The Idaho House of Representatives is the lower chamber of the Idaho Legislature.

It consists of 70 representatives elected to two-year terms. The state is divided into 35 districts, each of which elects two representatives. It meets at the Idaho State Capitol in Boise, Idaho, in the State Capitol Building.

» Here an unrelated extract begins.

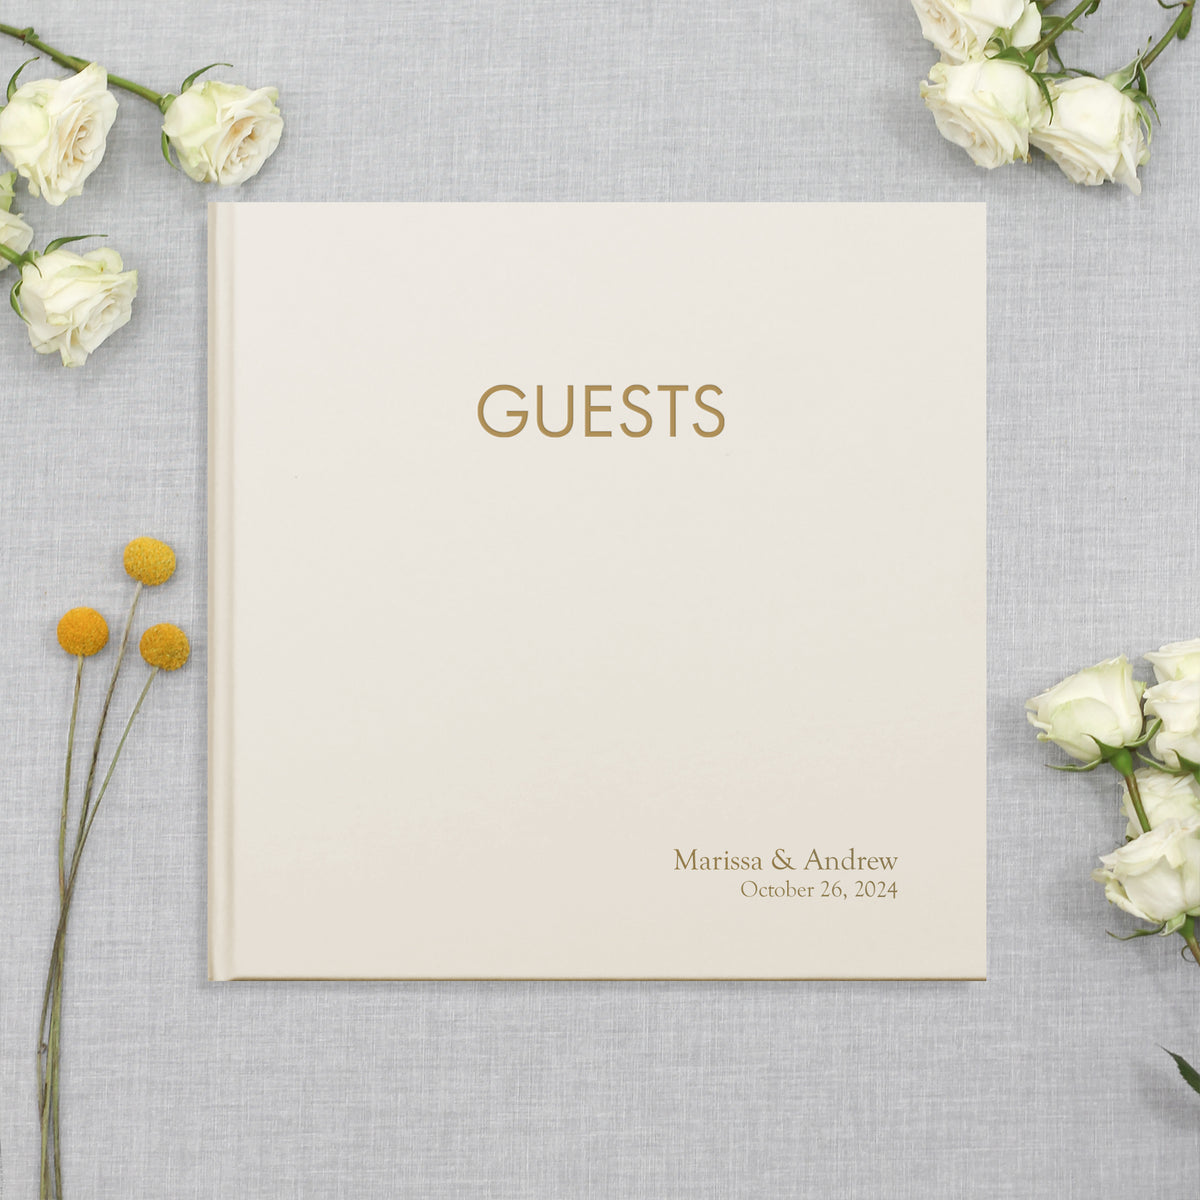 Event Guestbook | Cover: Pearl Vegan Leather | Available Personalized
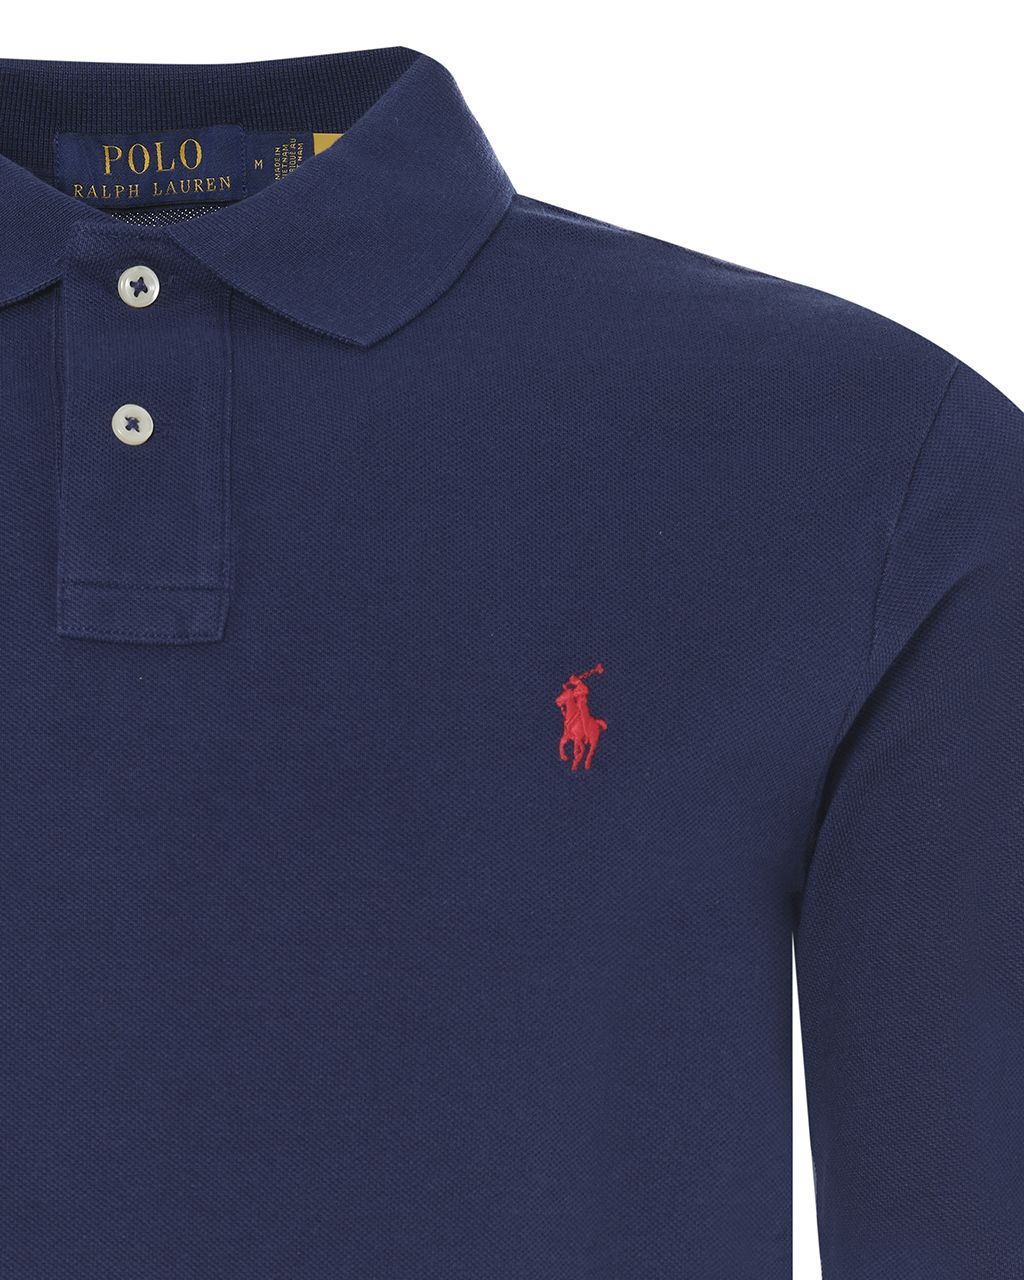 Polo Ralph Lauren Polo LM Donker blauw 078588-001-L

== Composition of the House ==
The Idaho House of Representatives has been continuously controlled by the Republican Party since the late 1950s, usually by a wide margin. Democrats picked up six seats in the 2006 elections. In the 2010 elections Republicans won back all but one of those seats. In the 2012 elections, the first election after redistricting in 2011, Democrats gained two seats in Ada County, but Republicans offset those gains by winning a seat in Bannock County and a seat in the district representing the Democratic stronghold Blaine County. In 2014, two Republican incumbents representing swing districts in North Central Idaho lost re-election, but one Republican picked up a seat previously held by a Democrat in the same region.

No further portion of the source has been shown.